Her spirit must have been one of the most brilliantly beautiful I have ever known, because, without effort and immediately, just at her eye contact, my entire face and person was flooded with light. It was as if her lively glance were a spark that dropped onto dry kindling, flaring up all through me into a radiant smile.


She looked away from me and at Merissa and waved her fingers at the baby, whose mouth dropped open. I could hear the joyful voices of the nurses, and then the whole procession was past and the noise of the machine was fading away.


But my face was still glowing and I had to stop and wrestle my expression back into something more appropriate for the halls of a hospital. I hope I can shine as radiantly as she could, when age has taken as much from me as it had from her.


Lost people roamed the corridors of the hospital at every turn, peering hopefully around corners, discussing in loud voices if they had come from that way or the other or being escorted by helpful staff who must have been very patient and accustomed used to it.


But by the afternoon that Keith was to be released, we could navigate fairly well on our own, and so as Baby and I danced in the deserted, sunny corridor between the garage pavilion and the cardiovascular wing, I had no worries about finding our way back to Keith’s room.


He texted me while we were there- in half an hour we could all head home.
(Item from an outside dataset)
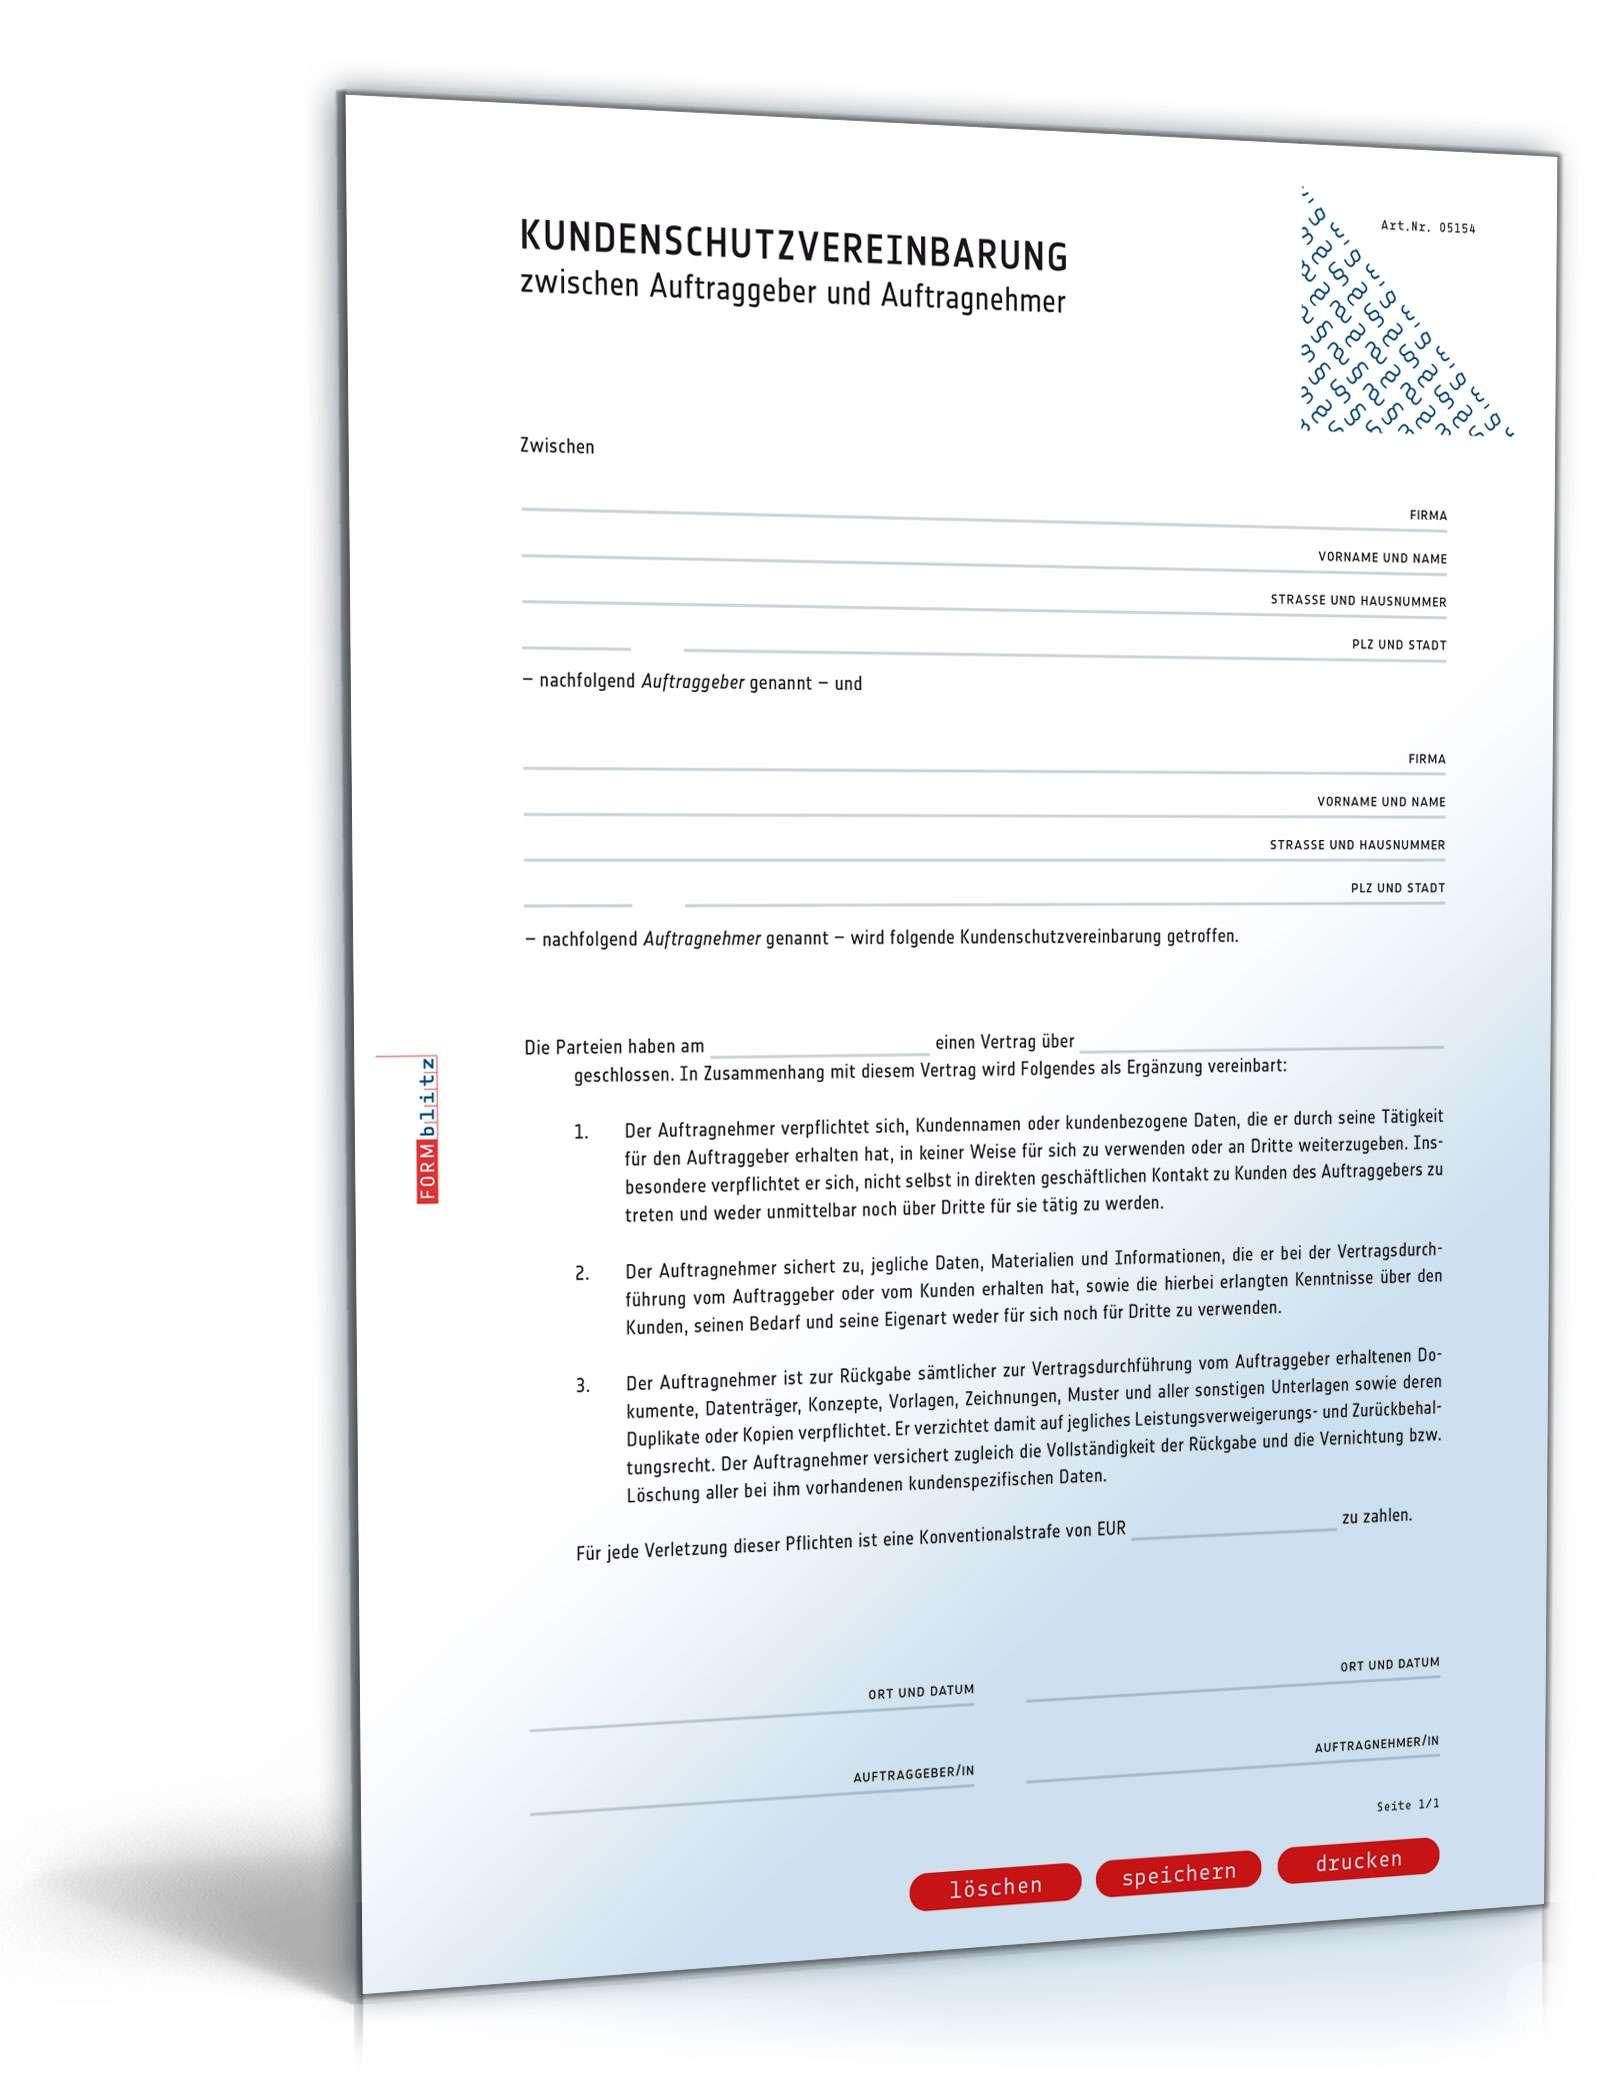 kundenschutzvereinbarung muster zum download. Black Bedroom Furniture Sets. Home Design Ideas

I glanced up through the window at the blue sky and remembered Jesus all over again. To forget, for a short time, and then to remember Him again is a pleasure like pulling up the blinds and seeing that it’s going to be a sunny day after a week of rain. And we were all going home and the worst had not happened, not even the second worst.


For a moment, it seemed Jesus was away up past the blue, looking down, so I said, “I love You,” directing my delight upward past the buildings, beyond the square of blue sky.


I’m right beside you, He said, His loving words saturating my spirit in the quiet way they do.


It was a transfixing thought, but the emotion that pinned me was a simple one.


“You make me so happy,” I told Him, shyly.


*


I remember this now, days later, when Keith is still in pain and his gout had flared up and yet he is going to work instead of recovering at home. The combination of this emergency visit and its lingering effects, on top of that shattering blow to my faith earlier has caused my usual internal limp to turn into a painfully slow, shuffling gait.


But as I was writing this, I turned the calendar page to read the psalm on it, and this was what I found:


"The Lord himself watches over you! The Lord stands beside you as your protective shade. The Lord keeps you from all evil and preserves your life."